* Exercise prompt
Give back only the lines in the records below from the one with "Macpac Geothermal Pants" to the one with "Bhaju paole shows", both inclusive, word for word.

* Data extracts
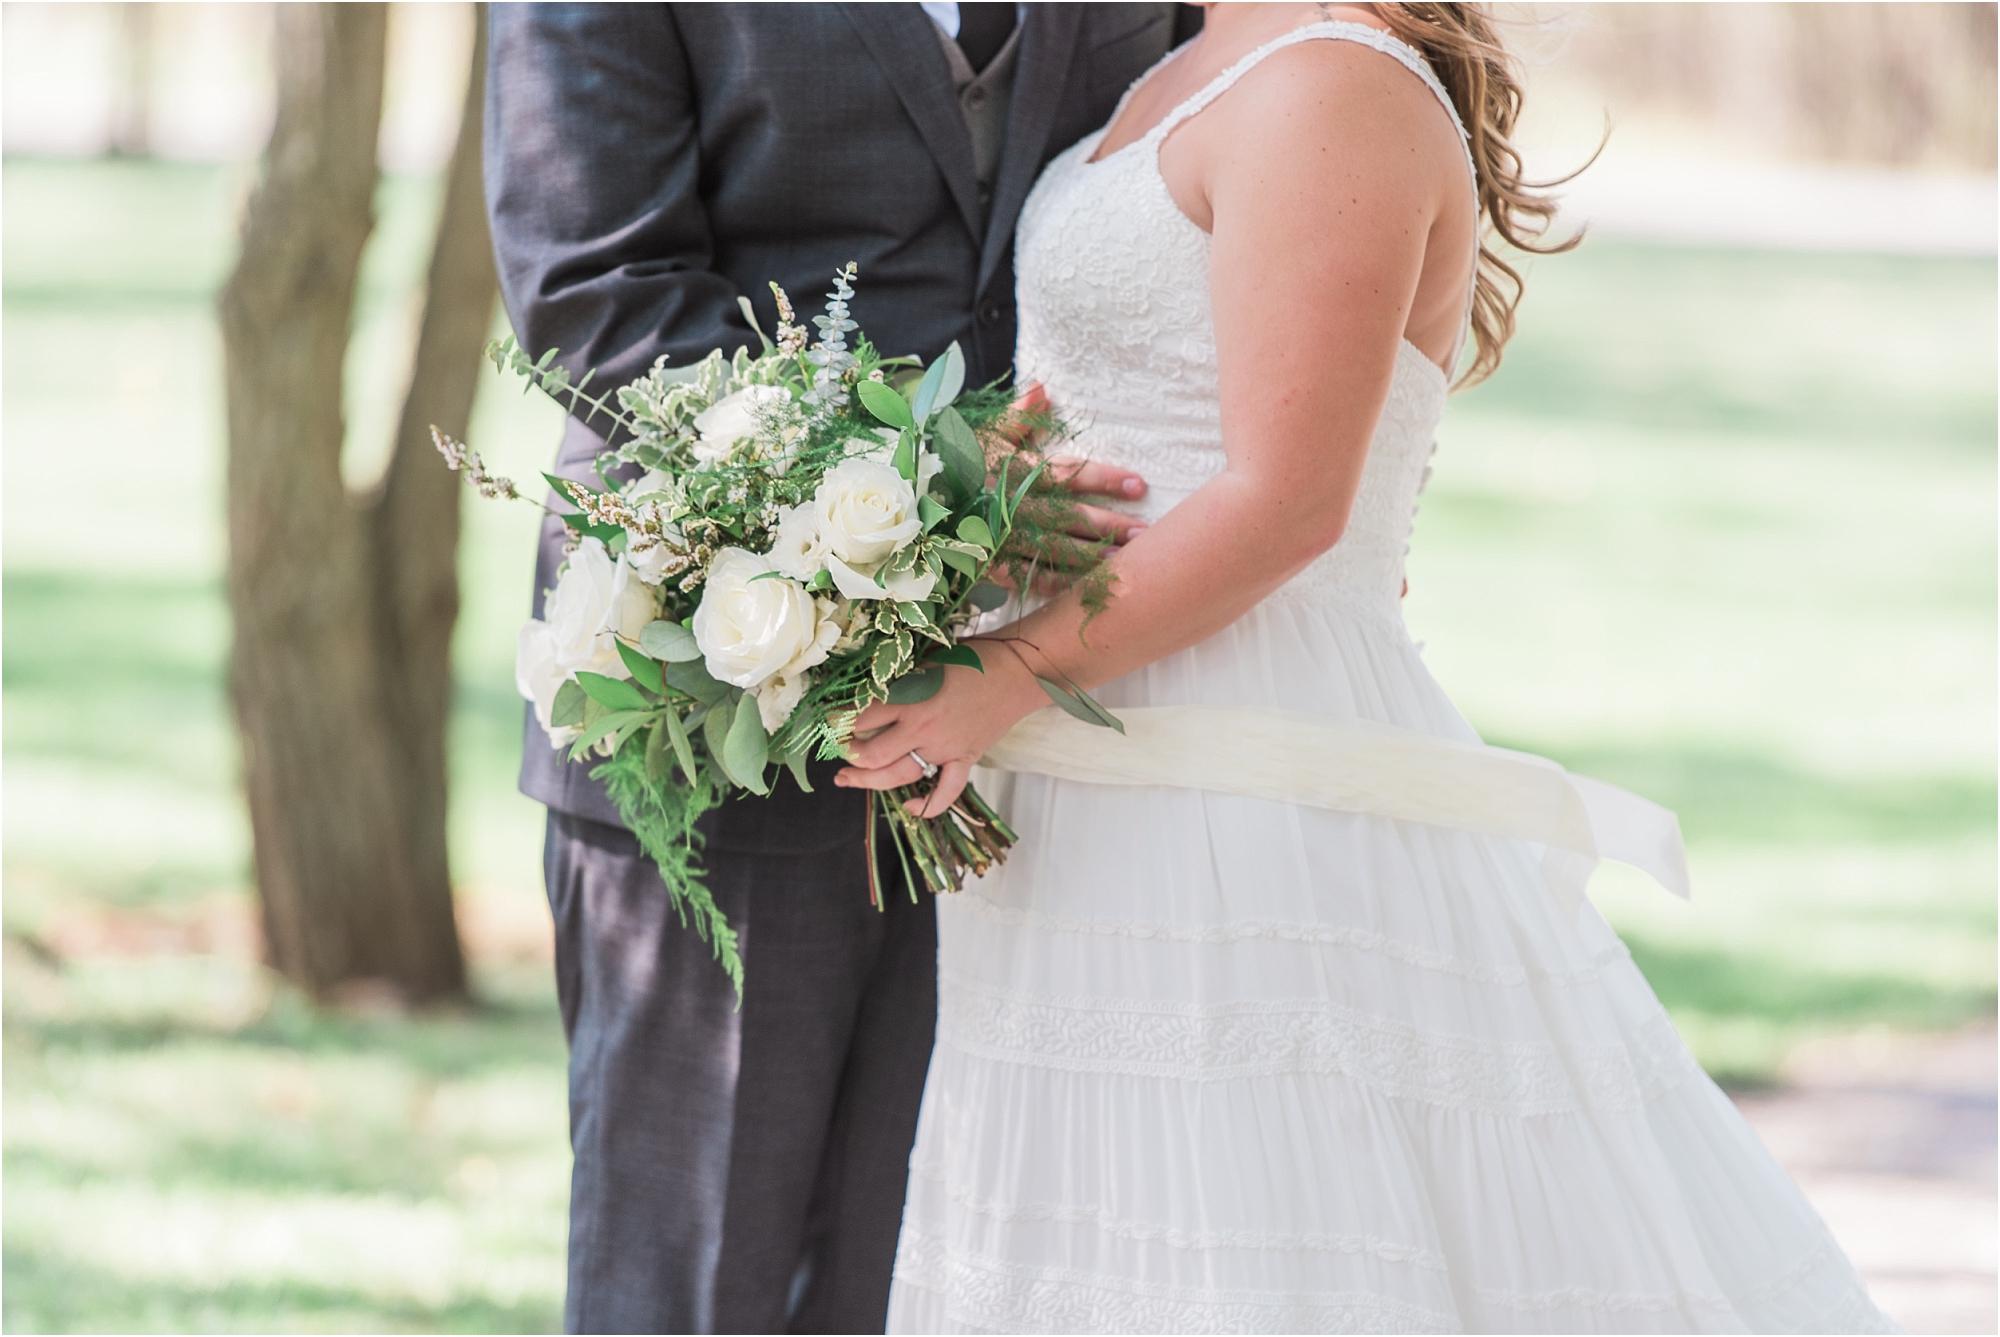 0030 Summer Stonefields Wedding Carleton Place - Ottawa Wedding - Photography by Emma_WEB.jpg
---
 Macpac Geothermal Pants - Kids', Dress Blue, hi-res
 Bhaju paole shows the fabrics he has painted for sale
---
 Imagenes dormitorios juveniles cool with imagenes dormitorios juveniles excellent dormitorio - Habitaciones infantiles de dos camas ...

* Result
 Macpac Geothermal Pants - Kids', Dress Blue, hi-res
 Bhaju paole shows the fabrics he has painted for sale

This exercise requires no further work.